■ Data for this exercise ■
--- START ---
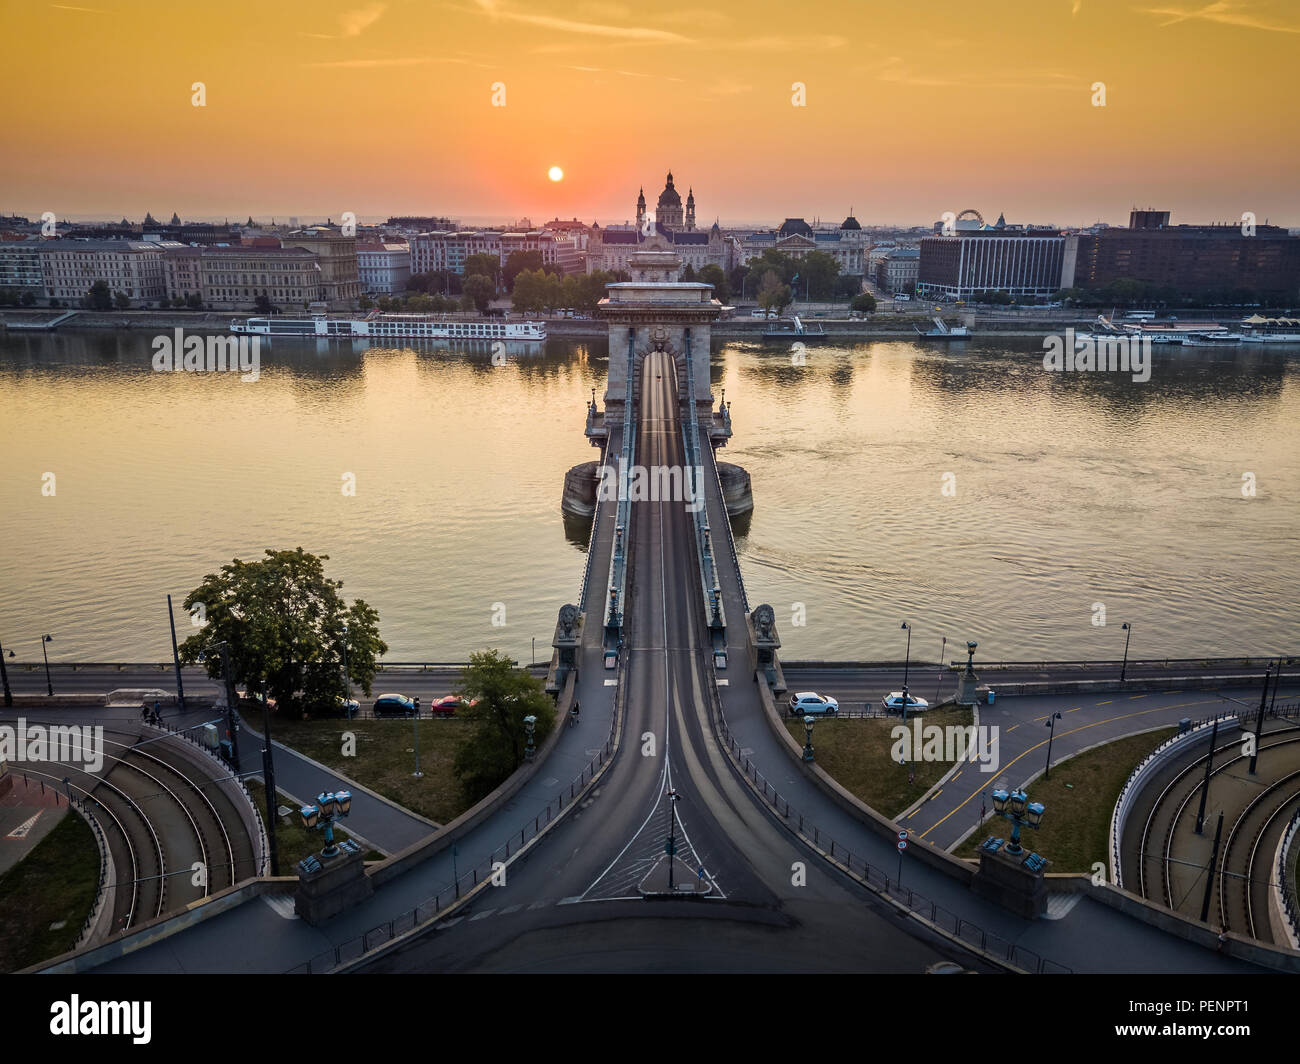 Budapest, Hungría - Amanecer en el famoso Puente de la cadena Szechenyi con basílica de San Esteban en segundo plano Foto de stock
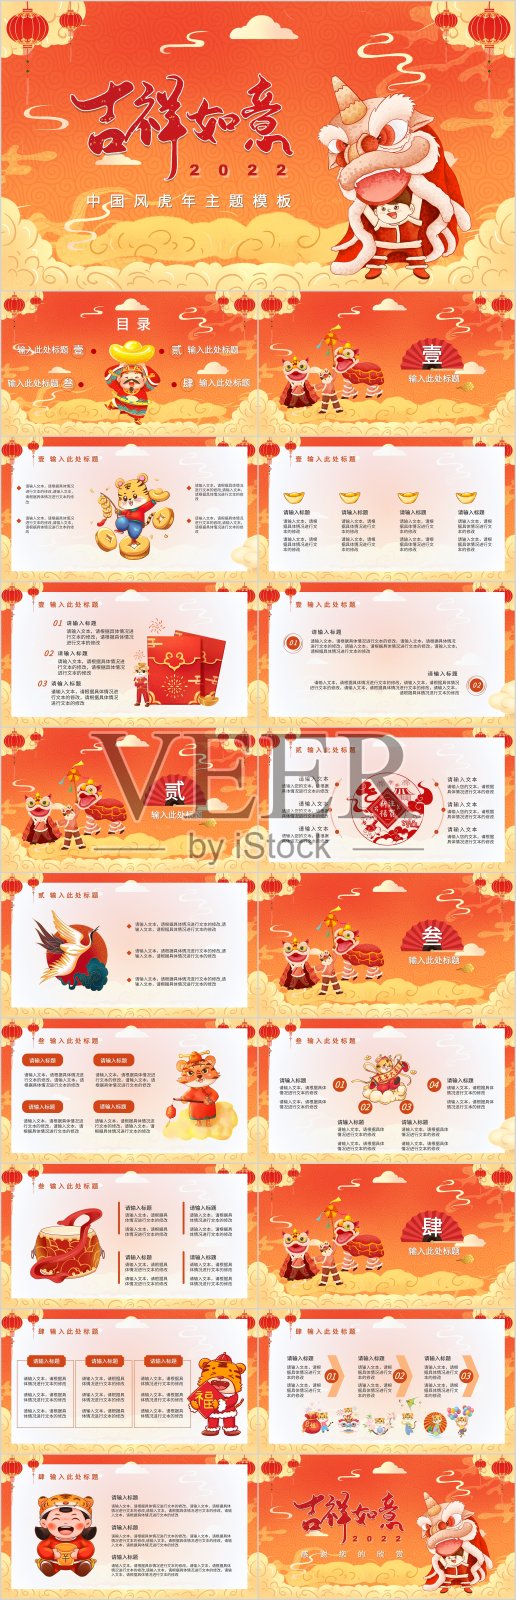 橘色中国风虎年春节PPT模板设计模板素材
--- END ---
--- START ---
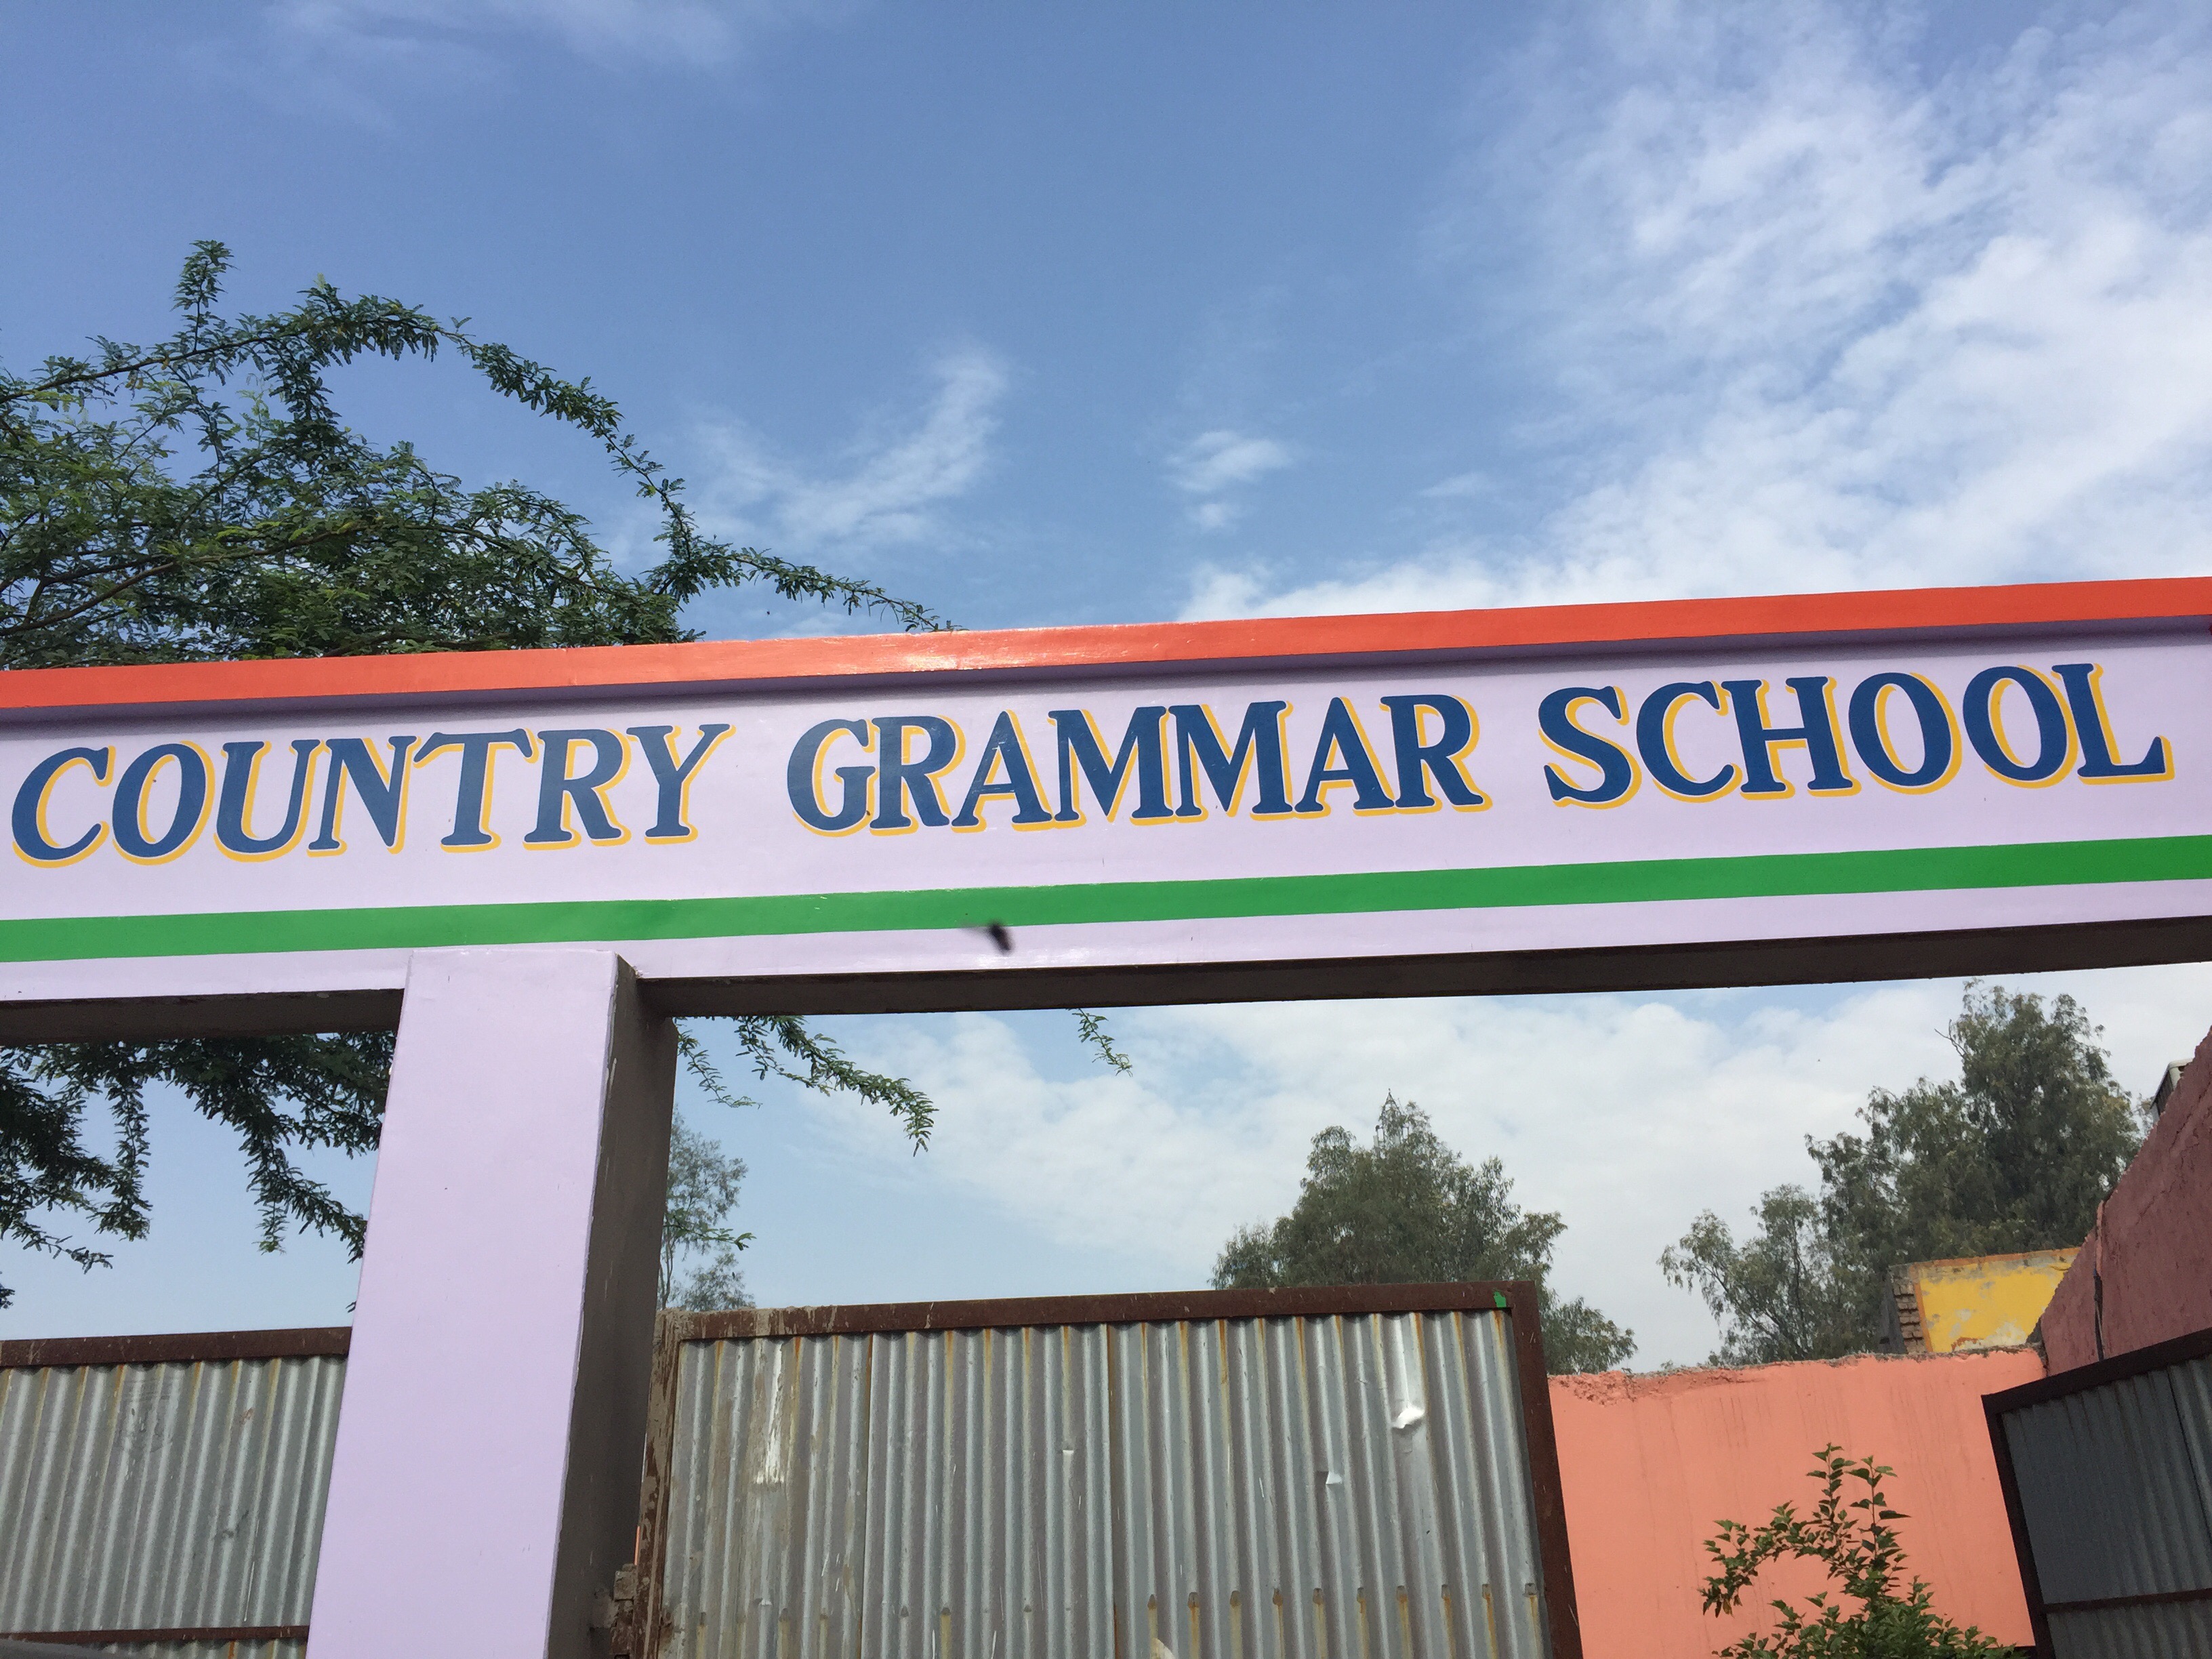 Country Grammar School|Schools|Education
--- END ---
--- START ---
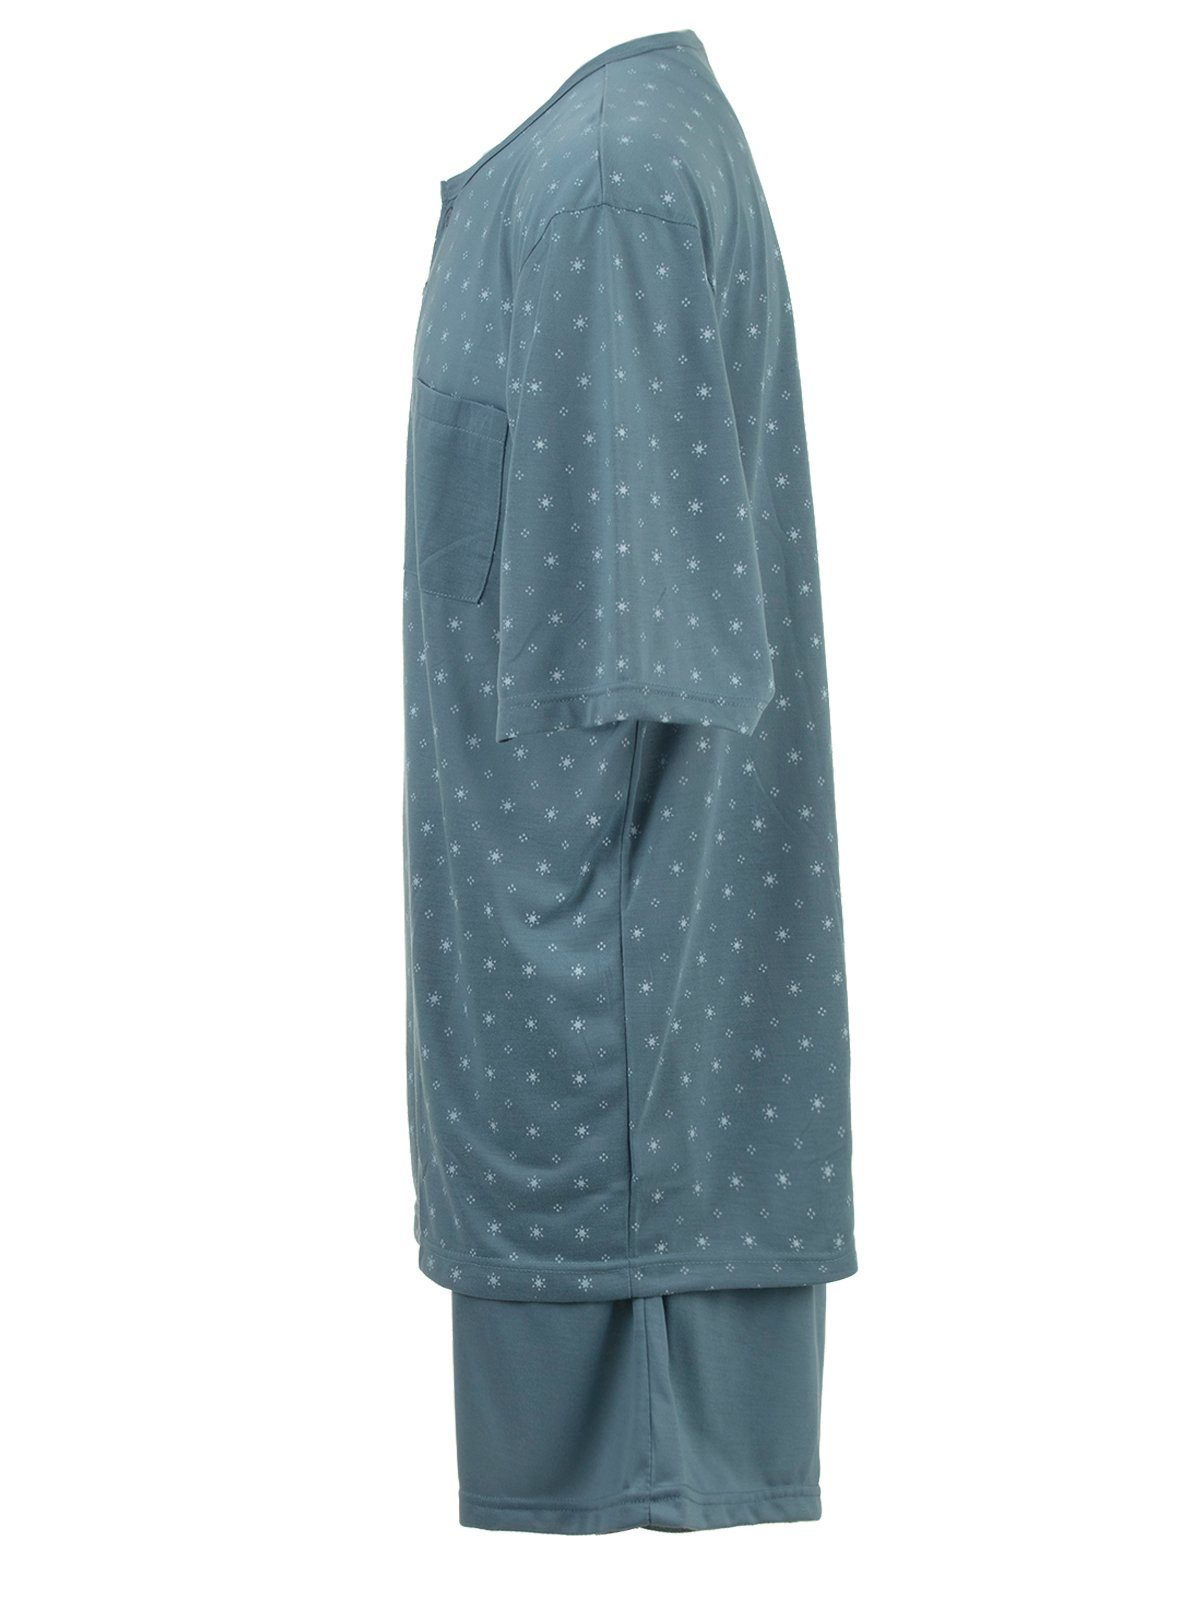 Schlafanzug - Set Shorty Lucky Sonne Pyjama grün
--- END ---
■ Exercise instructions ■
Go back to the listing above and write out the lines starting at the one with "Budapest, Hungría - Amanecer" and ending at the one with "橘色中国风虎年春节PPT模板设计模板素材", inclusive, exactly and without pictures.

■ Answer space ■
 Budapest, Hungría - Amanecer en el famoso Puente de la cadena Szechenyi con basílica de San Esteban en segundo plano Foto de stock
 橘色中国风虎年春节PPT模板设计模板素材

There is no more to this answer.